Не на полудетский вопрос сына он тогда ответил, он себе самому ответил и разбередил душу. И как только отправил Александра наводить порядок в родном гнезде – в Переяславле-Залесском, так и заперся от всех в душной полутемной молельне. Наедине с собой, с воспоминаниями, с совестью, вдруг шевельнувшейся в, казалось бы, навсегда вытоптанной собственной душе. Да, он помогал утвердиться на великокняжеском столе старшему брату Юрию: именно этим он всегда оправдывал всю непоследовательность своего поведения, всю вздорность своих претензий, все нарушения собственных клятв и обещаний.

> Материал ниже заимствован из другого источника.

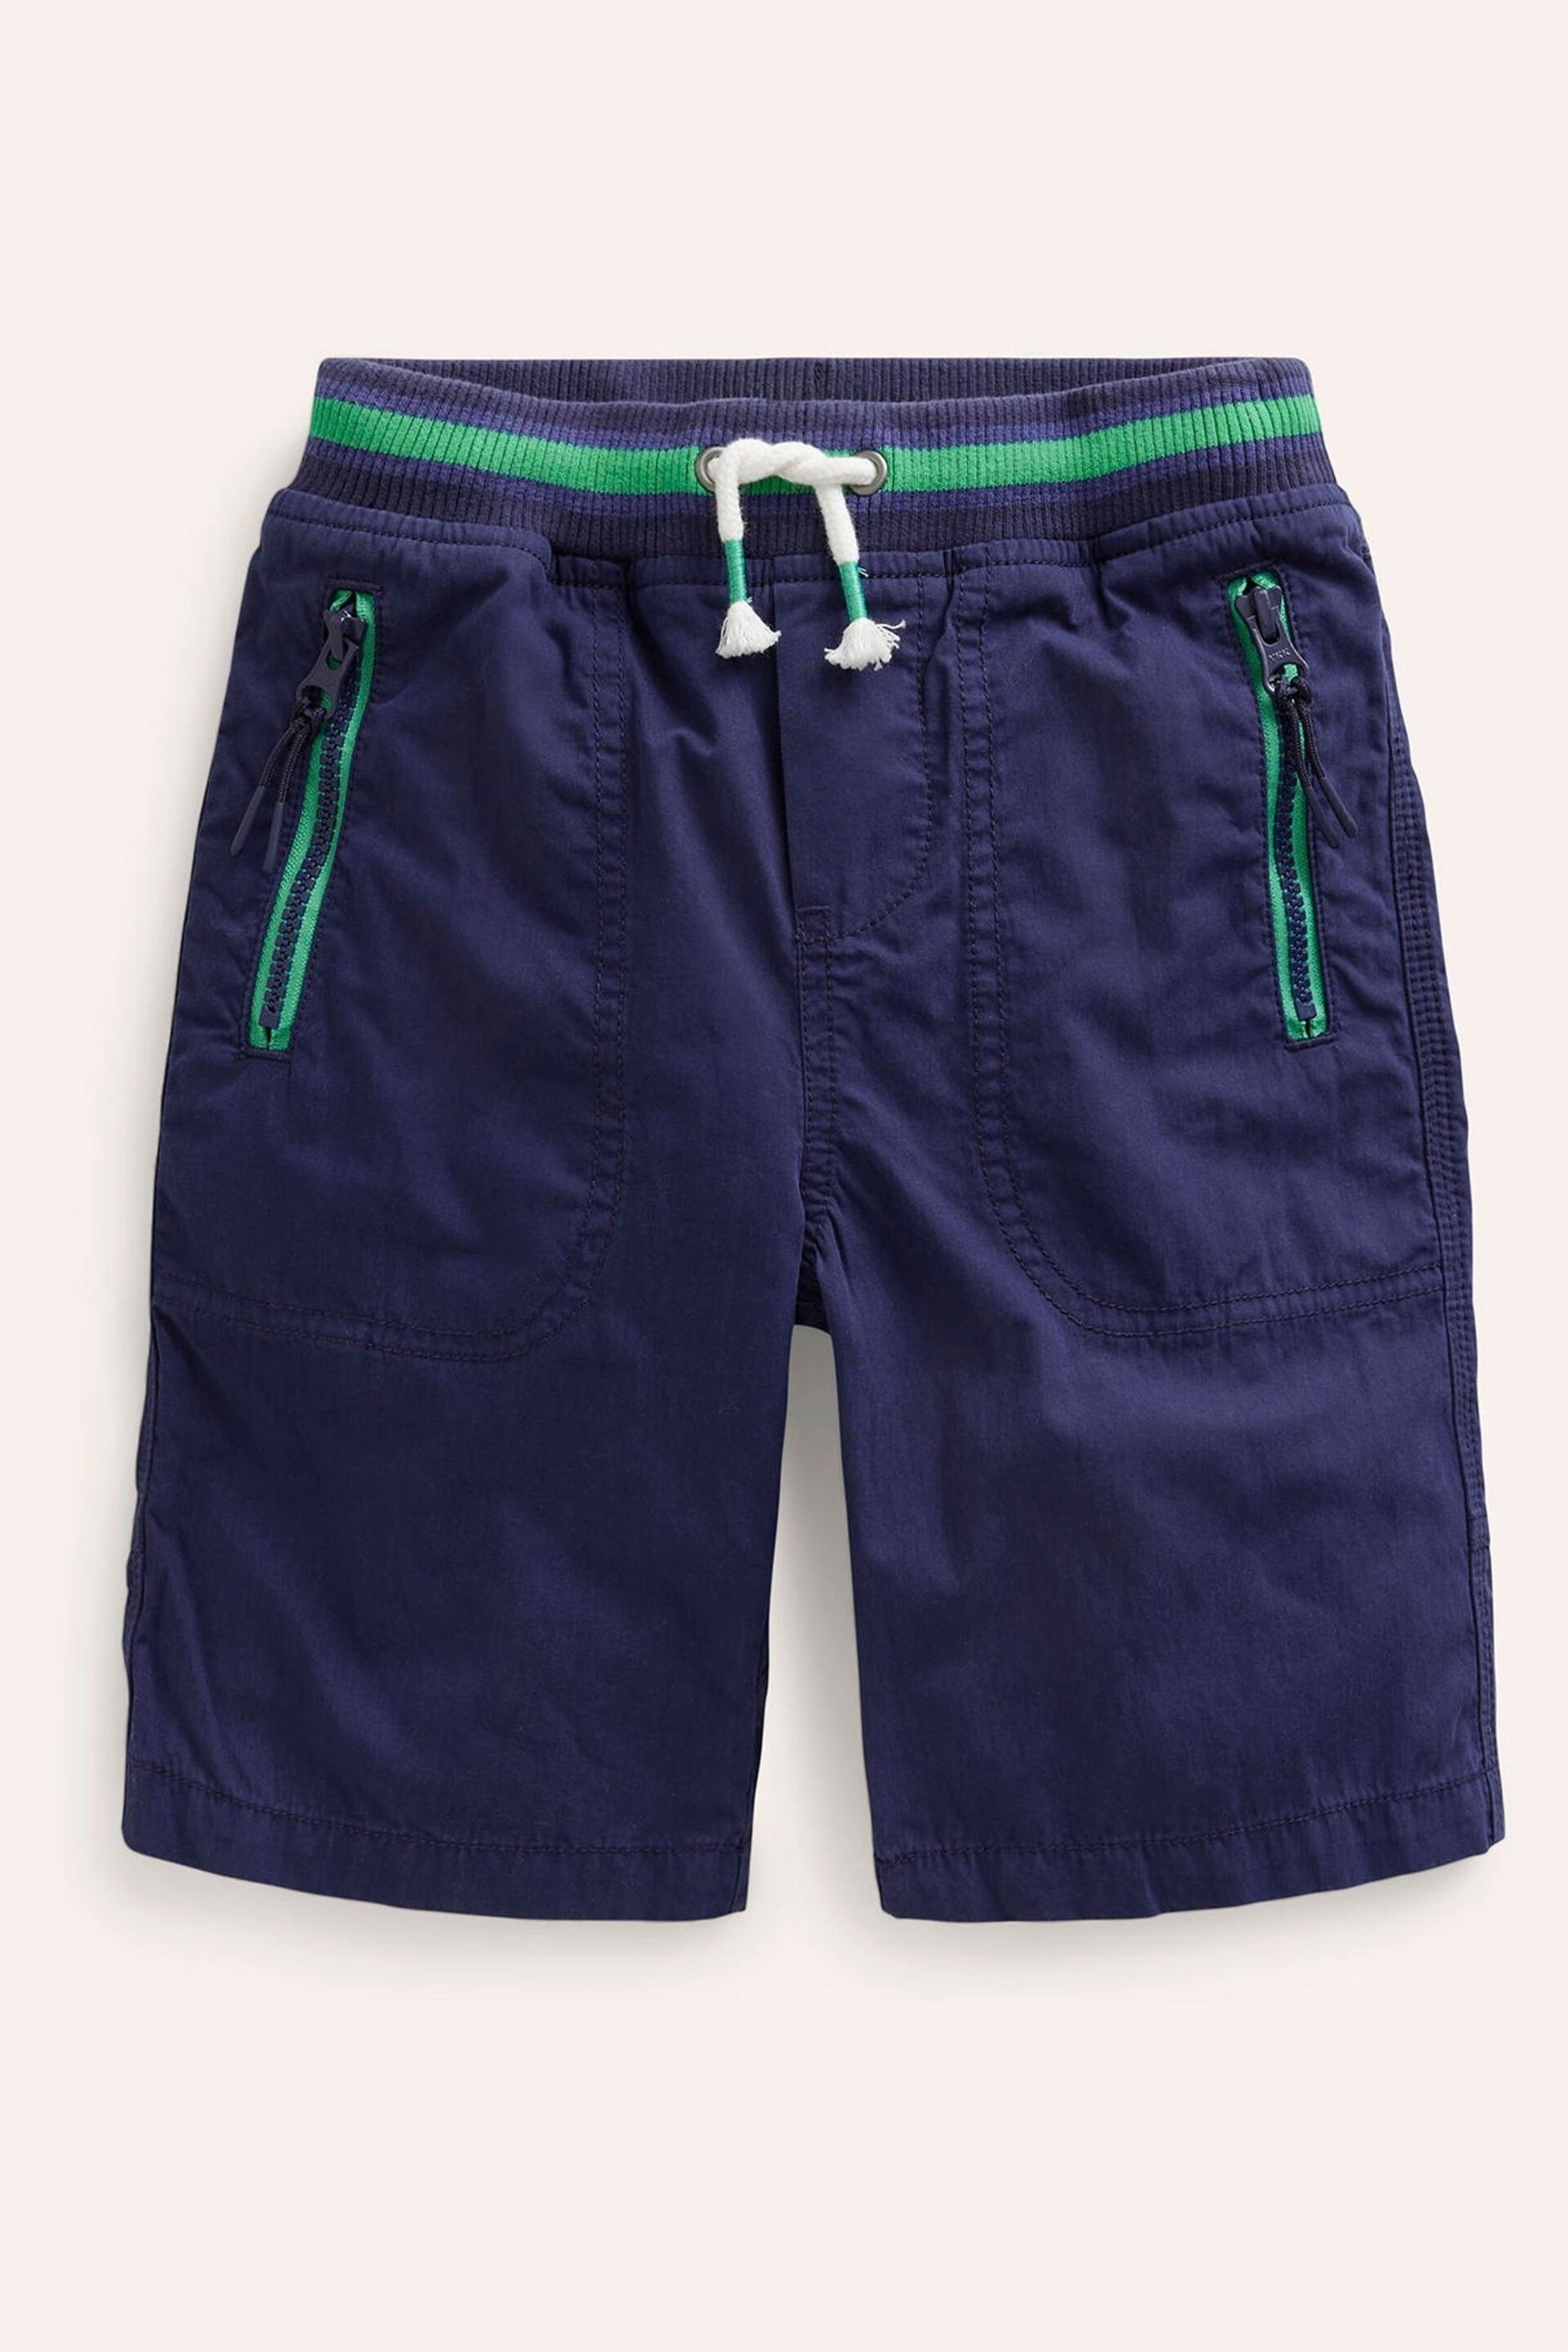 Boden Blue Adventure Shorts - Image 1 of 3

Этих обещаний хватало для безмятежности души и дремоты совести, но после жестокого разгрома татарами Владимира, убийств его жителей и гибели брата Юрия их уже не хватает. Недостает их для внутренней твердости, для опоры духа, а это значит, что внутренне, не для всех, а для себя самого, он еще не великий князь, ибо не можно стать великим, коли плавает душа твоя, как копна в половодье, став убежищем для перепуганных мышей, а не опорой для потрясенных человеков…
– Господь всемилостивый, Пресвятая Богородица, направьте, подскажите, посоветуйте, как не плыть мне рыхлой копешкой по течению, где найти твердь в прахе мира сего? И куда, куда направить ковчег Руси моей с человеками и скотами ее?..
Князь Ярослав и сам не заметил, как заговорил вслух, не молясь, не спасения души ища, а ответов.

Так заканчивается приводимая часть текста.